This repository contains a federated learning approach for neural collaborative filtering (idea1) on news articles. We did not find any existing open source code for federated neural collaborative filtering. This repository can be used to test the novel approach described in [1] which combines content information with the user history. The repo allows you to compare this approach against common recommender system models as baselines.
We expect the items to be text. The approach embeds the items via BERT into a vector space. The users are than embedded via these item embeddings by averaging over all item vectors of items the user liked (in the training data). For each user item pair we concatenate the user and item vector and feed it into a neural network. We also sample a item the user did not like and feed it into the network.
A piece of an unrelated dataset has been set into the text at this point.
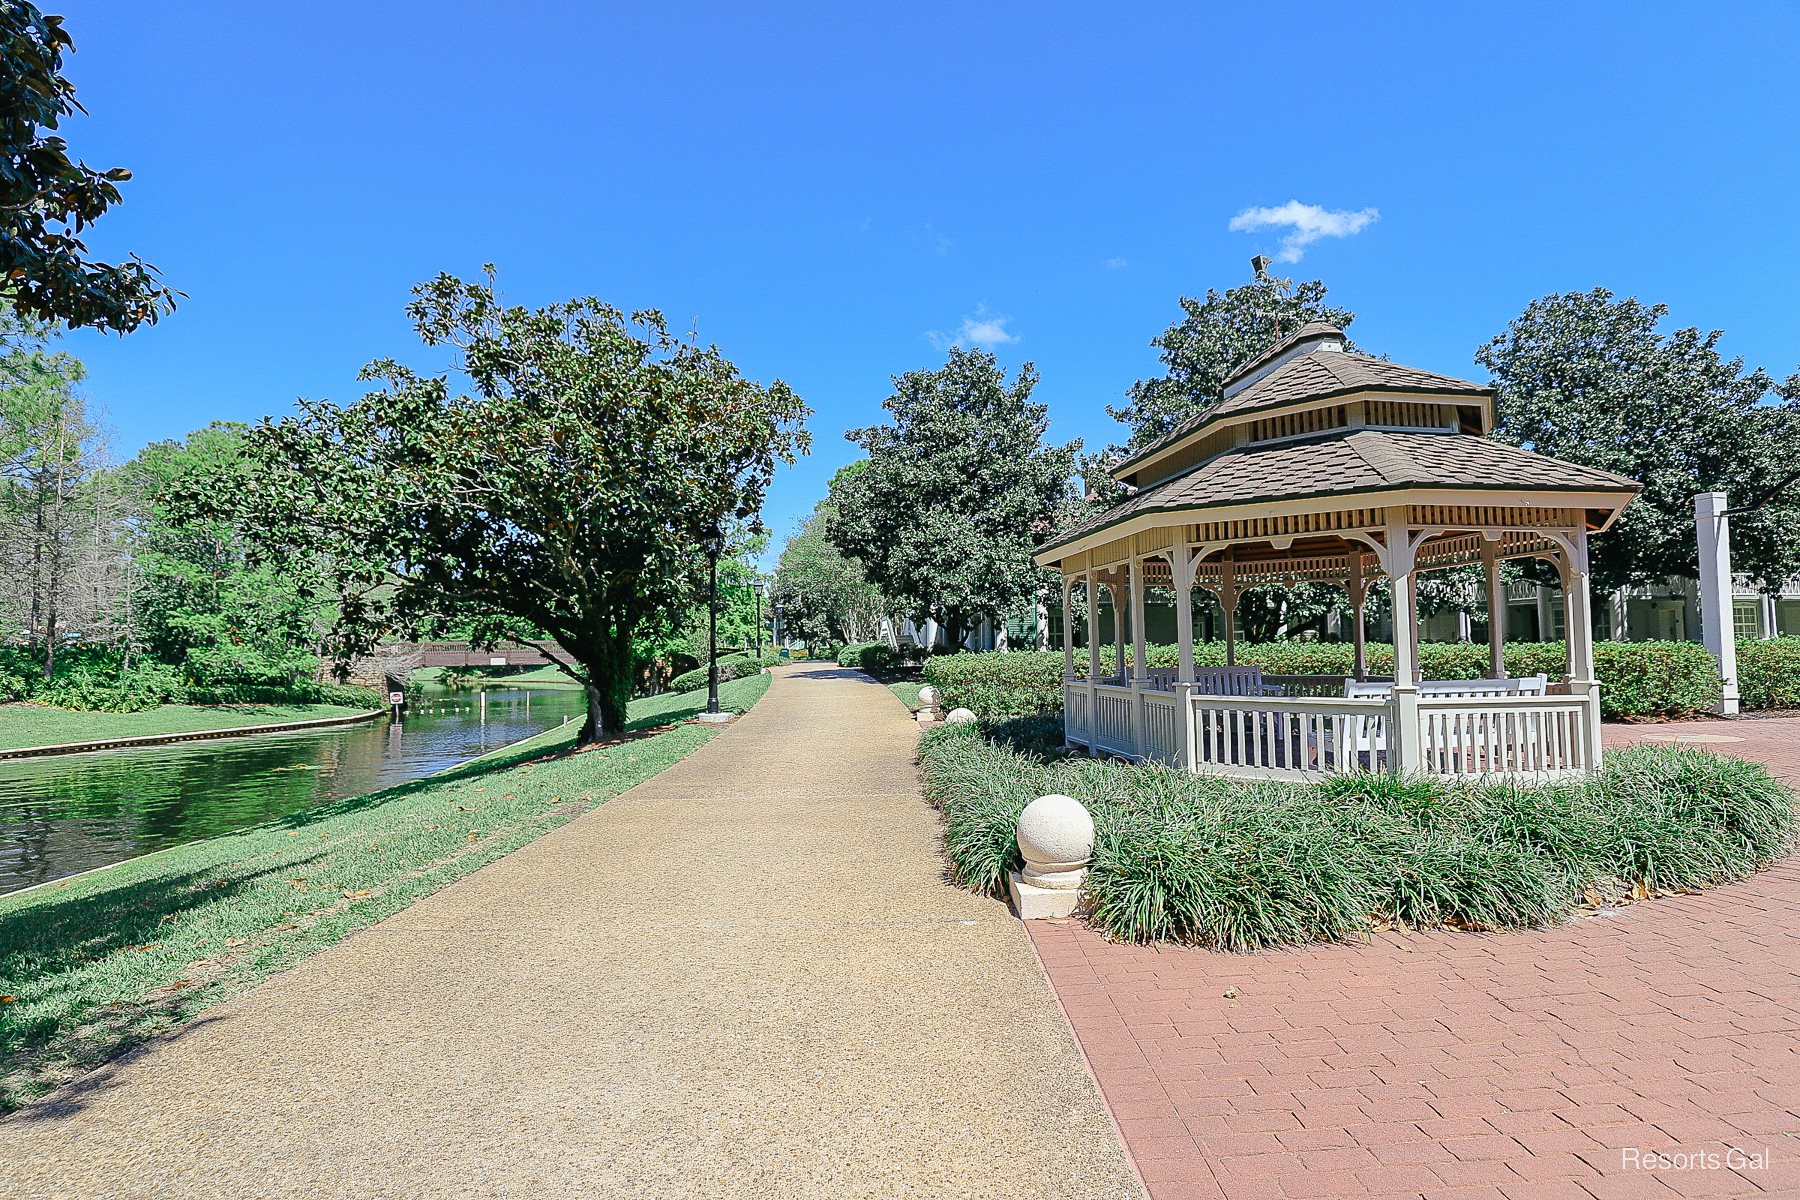 a sidewalk with a gazebo to the right side

We then calculate the pairwise loss between the positive and the negative sample and backpropagate.
Contains two columns:
- "resource_id": unique id of the article
- "text": full body article text without html tags.
- "publication_date": date of publication.
Contains three columns:
- "user_id": unique id of the user
- "resource_id": unique id matching the one in metadata.csv
- "time": timestamp of the click
Python 3.6.8
Packages are in requirements.txt
You can run run_all.sh
to generate some dummy data and run all the algorithms. The jupyter notebook results/evaluate.ipynb
displays the results.
To work with your own data create a folder and copy the data in the format described above. Run DATA_FOLDER=your_data_folder python preprocessing.py
to preprocess your data.
You can then run any of the algorithms with DATA_FOLDER=your_data_folder python algorithm.py
- content_based.py: Embeds articles with tf-idf, creates user-vectors by averaging over the articles. Creates a ranked
list of recommendations by cos-similarity. To use your own embedding use
content_predict_custom_embedding
- idea1.py: Embeds the article with a pretrained bert embedding. Embeds the users as the average of the article vectors
the user read. Trains a neural network with pairwise loss
and creates predictions. (you can use your own embedding as well). For the decription of all the parameters look at
chapter
Parameters for Idea1
- popularity_random: Predicts simply the most popular articles. Predicts random articles.
- mf_model: Uses ALS to embed the articles and users as latent vectors. Then predicts the top articles for each user based on the latent vectors.
- folder example_scripts:
- idea1_timewise_sampling.py is an example for the idea1 with timewise sampling instead of random sampling
- base_FL.py is an example for federated learning. Both users have the same data.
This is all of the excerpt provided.